● What you need to do: From the line containing "Déco générale du" to the line containing "Medicina estética y antiaging en Zaragoza" in the records below, set down every line exactly as it stands, both ends included, and skip the pictures.

● Records shown:
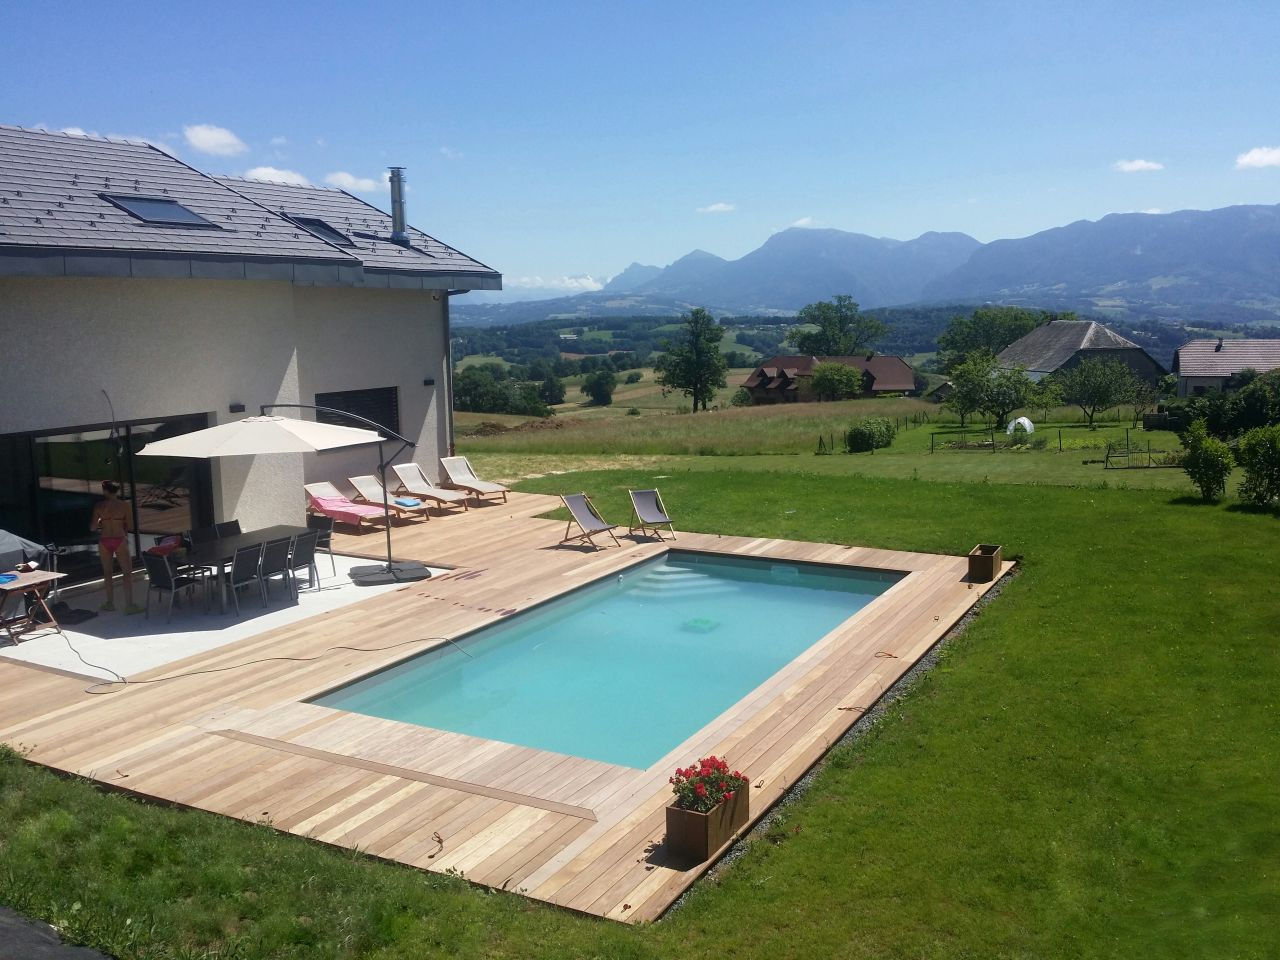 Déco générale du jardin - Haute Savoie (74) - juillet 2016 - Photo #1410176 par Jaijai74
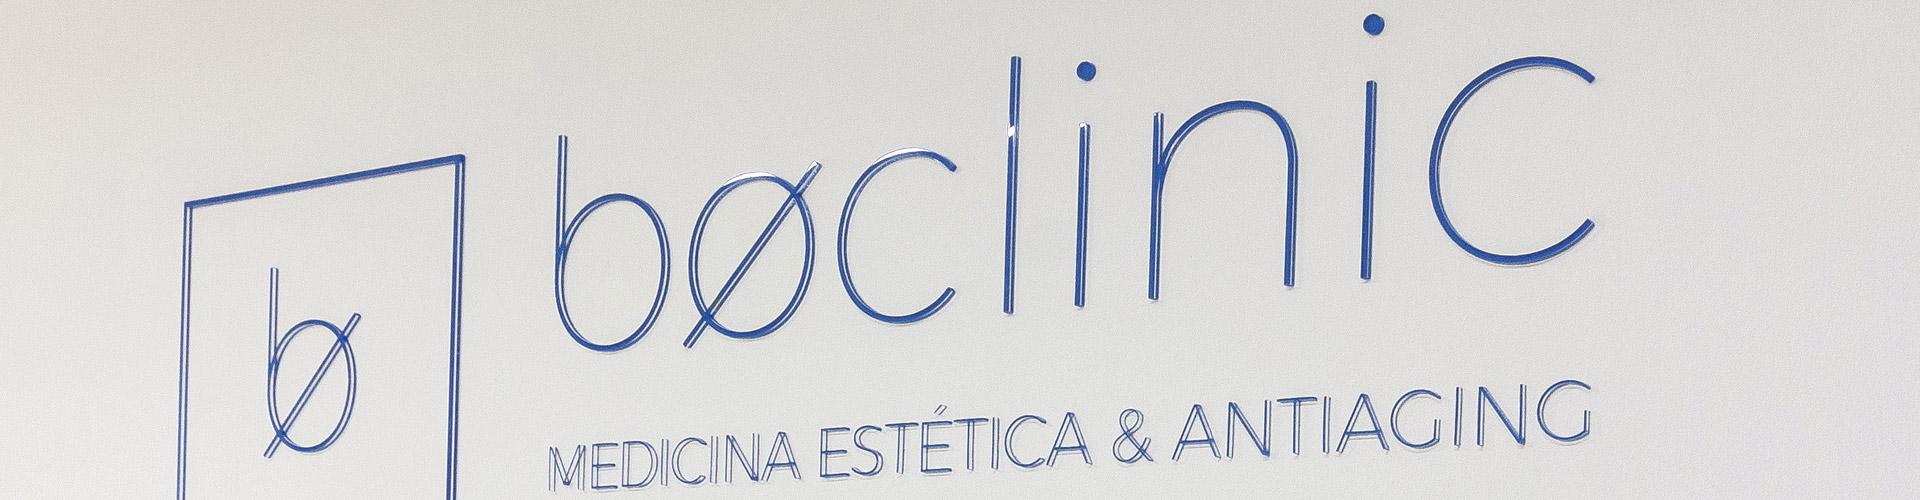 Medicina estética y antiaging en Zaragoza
==
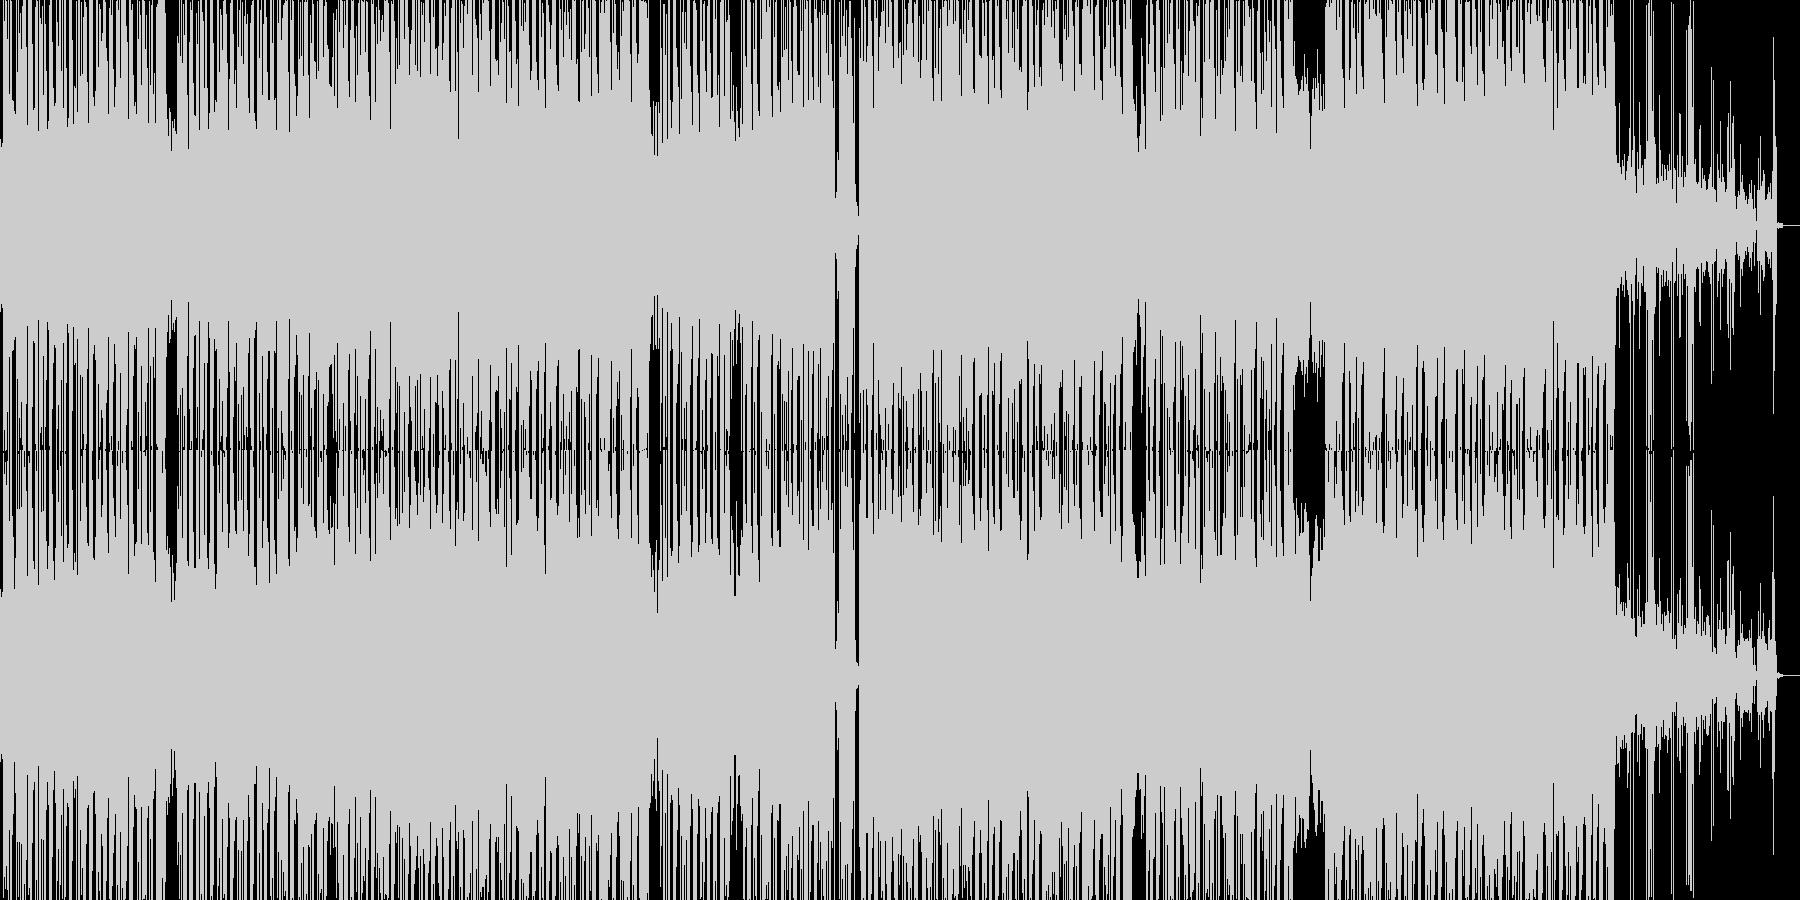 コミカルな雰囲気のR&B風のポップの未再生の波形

● Result of the exercise:
 Déco générale du jardin - Haute Savoie (74) - juillet 2016 - Photo #1410176 par Jaijai74
 Medicina estética y antiaging en Zaragoza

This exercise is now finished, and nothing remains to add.